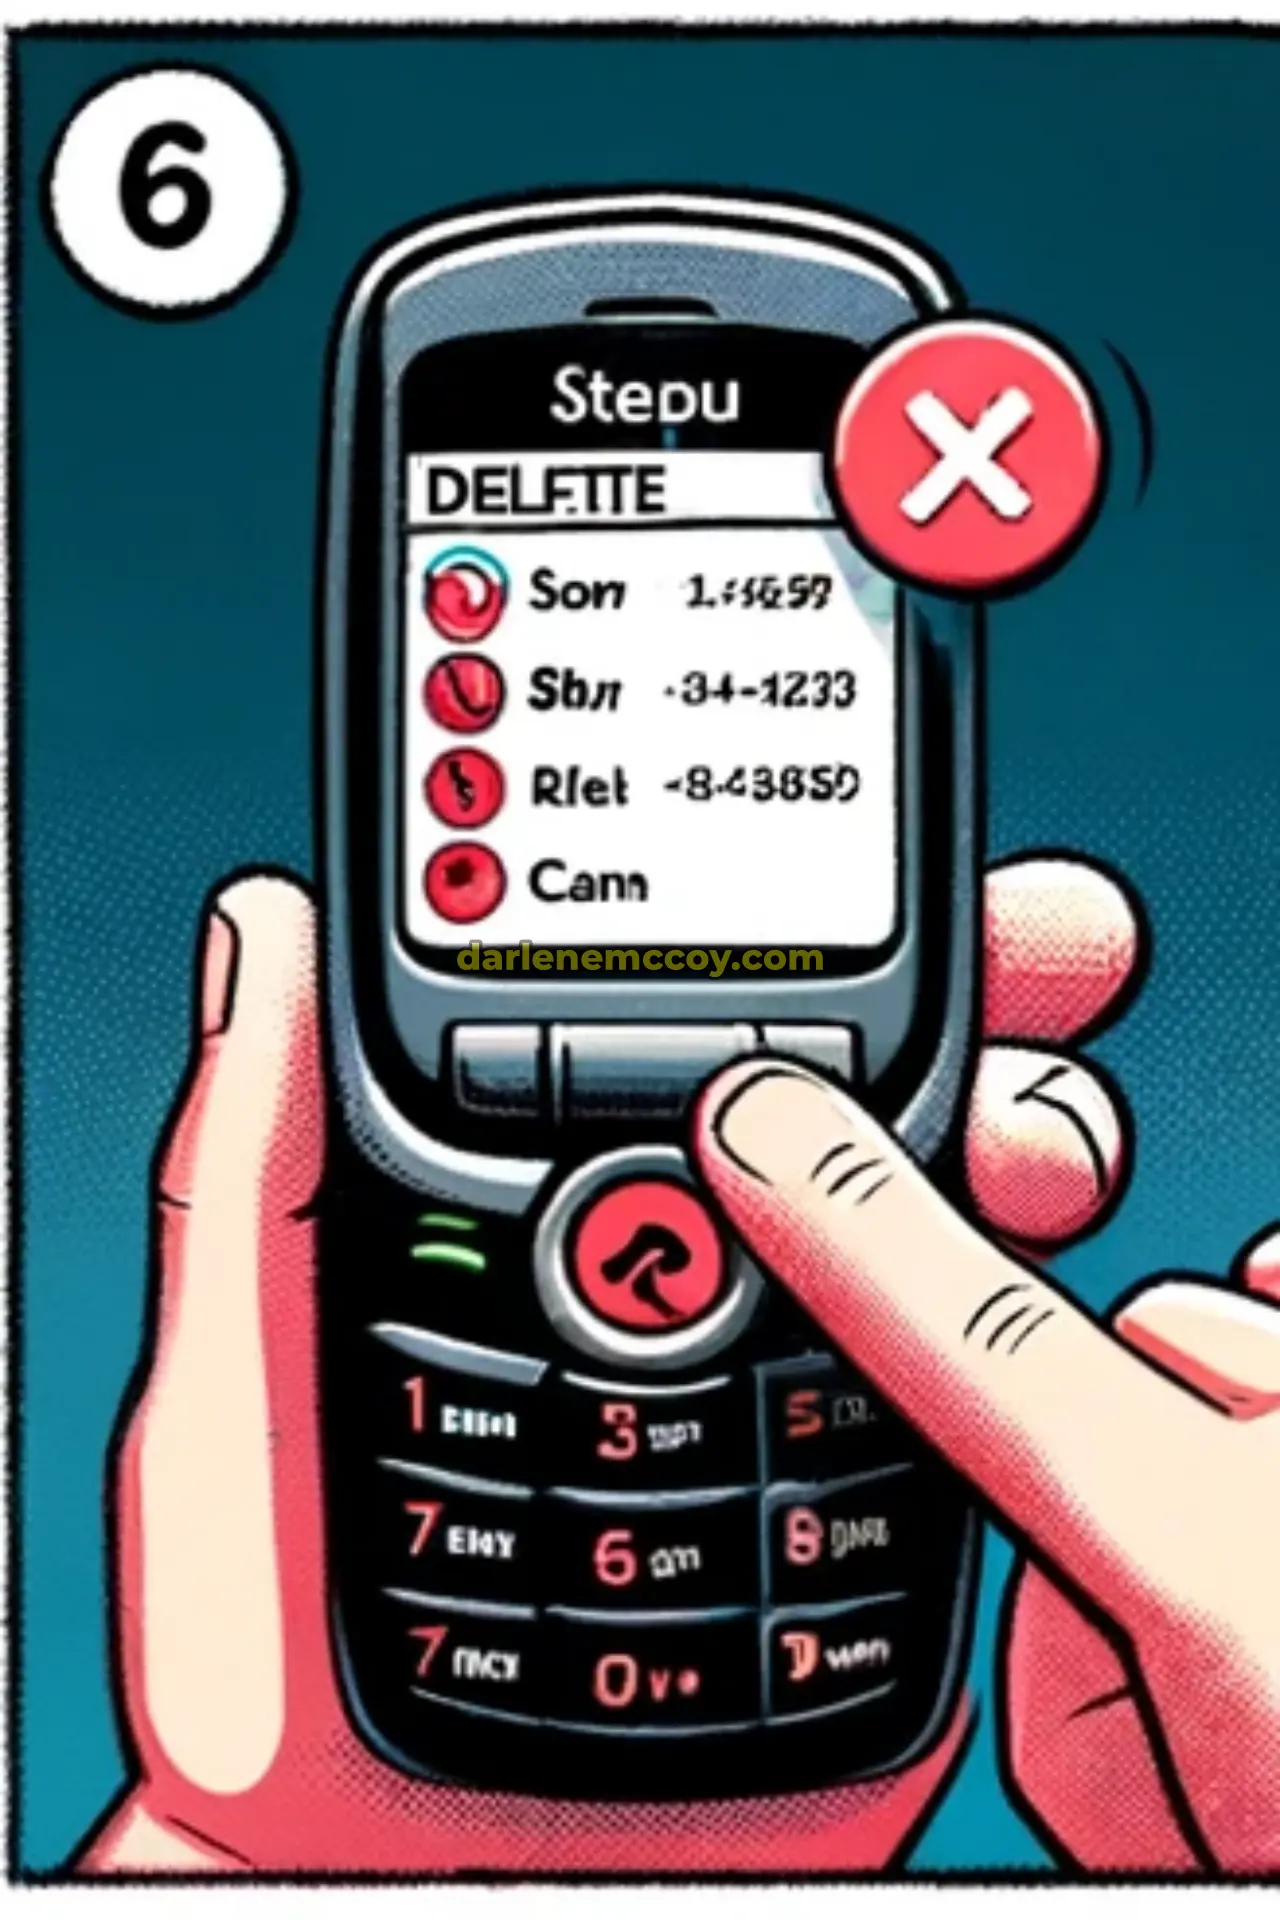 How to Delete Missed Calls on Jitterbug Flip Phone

::::

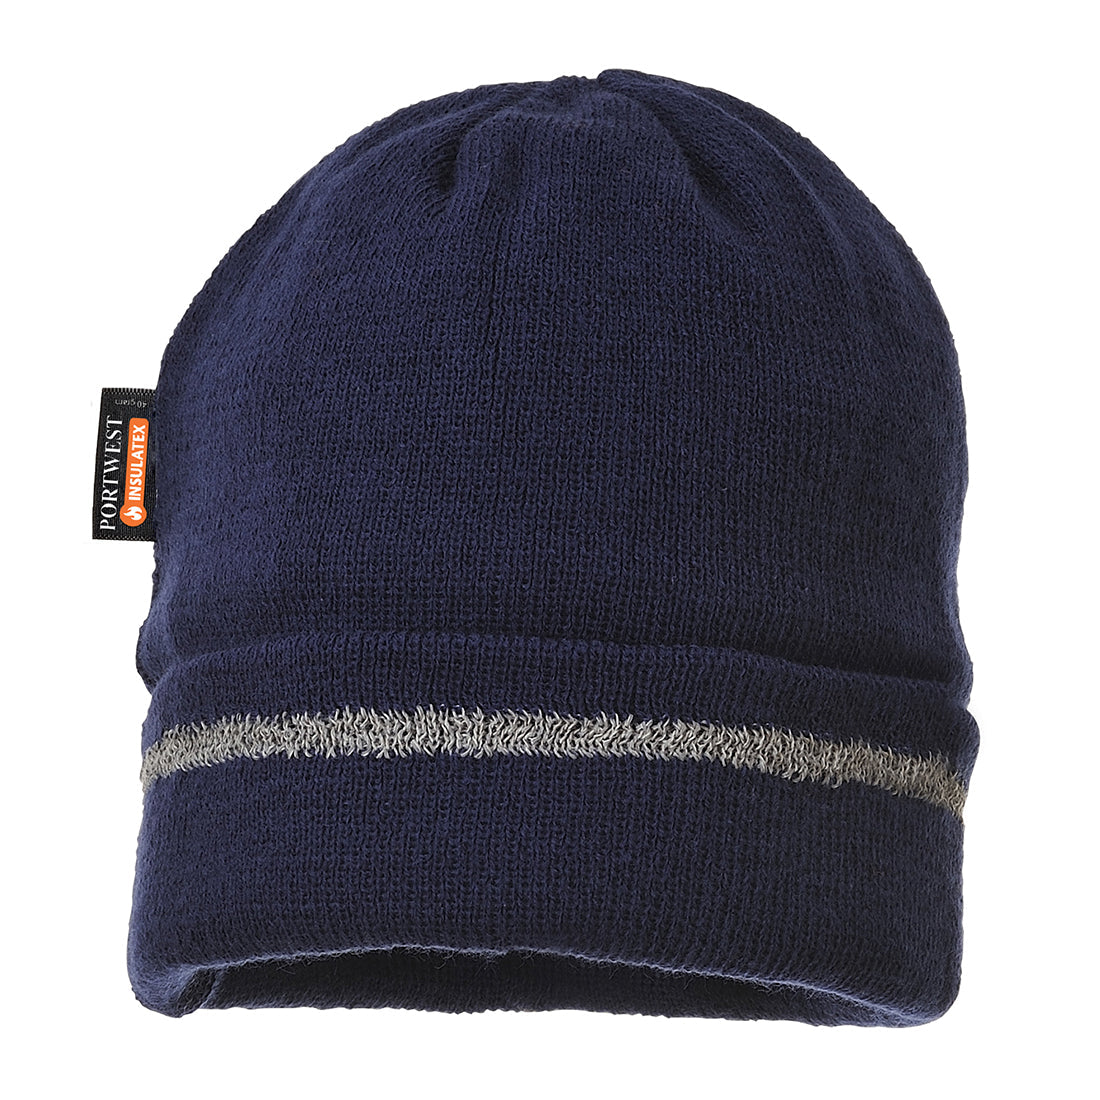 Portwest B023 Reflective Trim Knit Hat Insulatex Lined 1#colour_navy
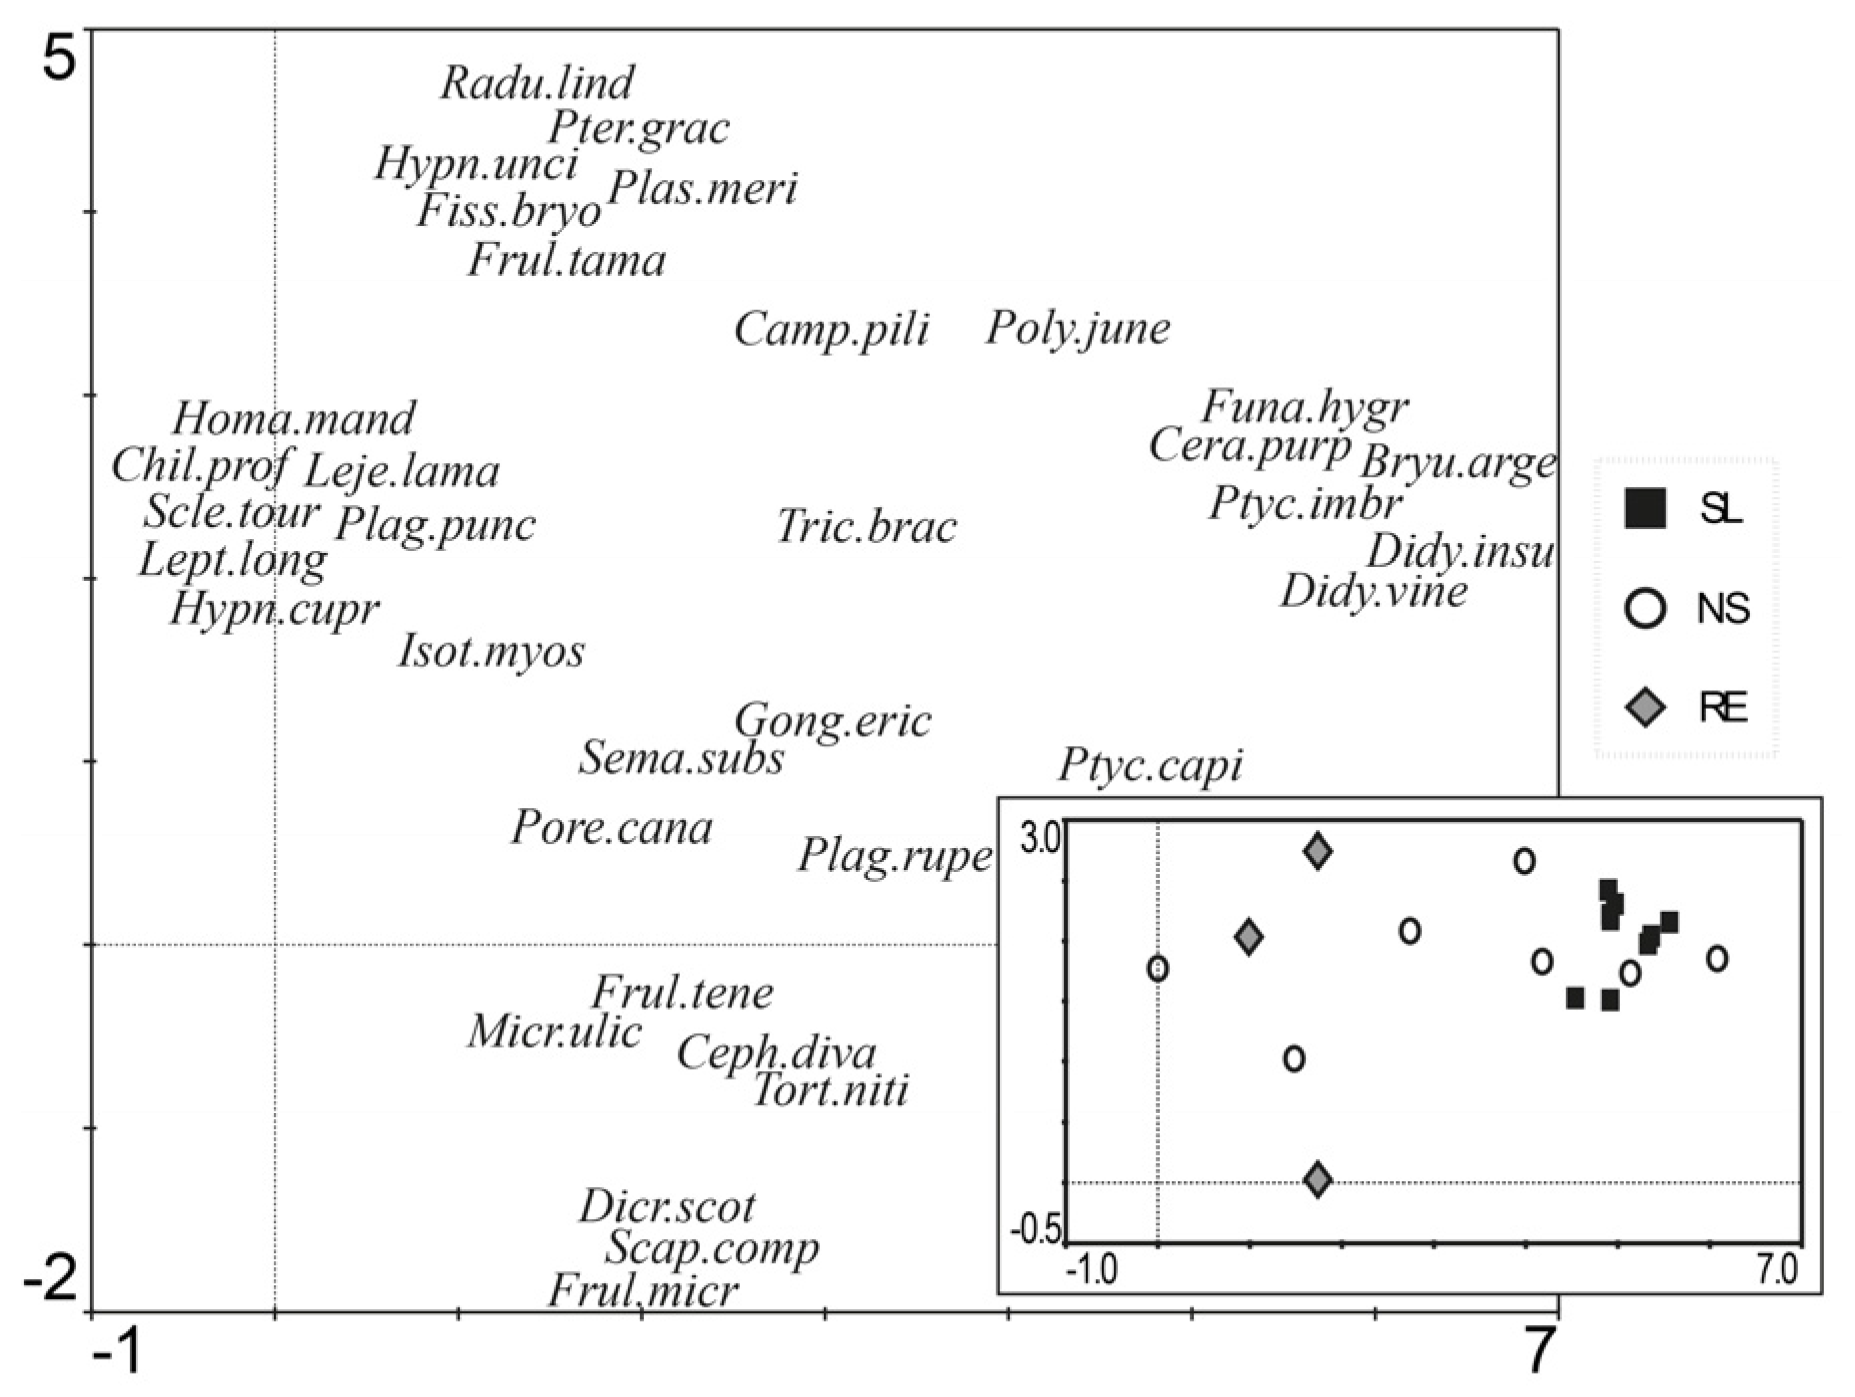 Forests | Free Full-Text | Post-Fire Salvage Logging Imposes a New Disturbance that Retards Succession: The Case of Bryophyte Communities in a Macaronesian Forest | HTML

::::

■ **Required action**: Set the pictures aside and retype exactly the lines above from the line with "Portwest B023 Reflective" to the line with "Forests | Free", both included, adding no others.

■ **Solution for this problem**:
 Portwest B023 Reflective Trim Knit Hat Insulatex Lined 1#colour_navy
 Forests | Free Full-Text | Post-Fire Salvage Logging Imposes a New Disturbance that Retards Succession: The Case of Bryophyte Communities in a Macaronesian Forest | HTML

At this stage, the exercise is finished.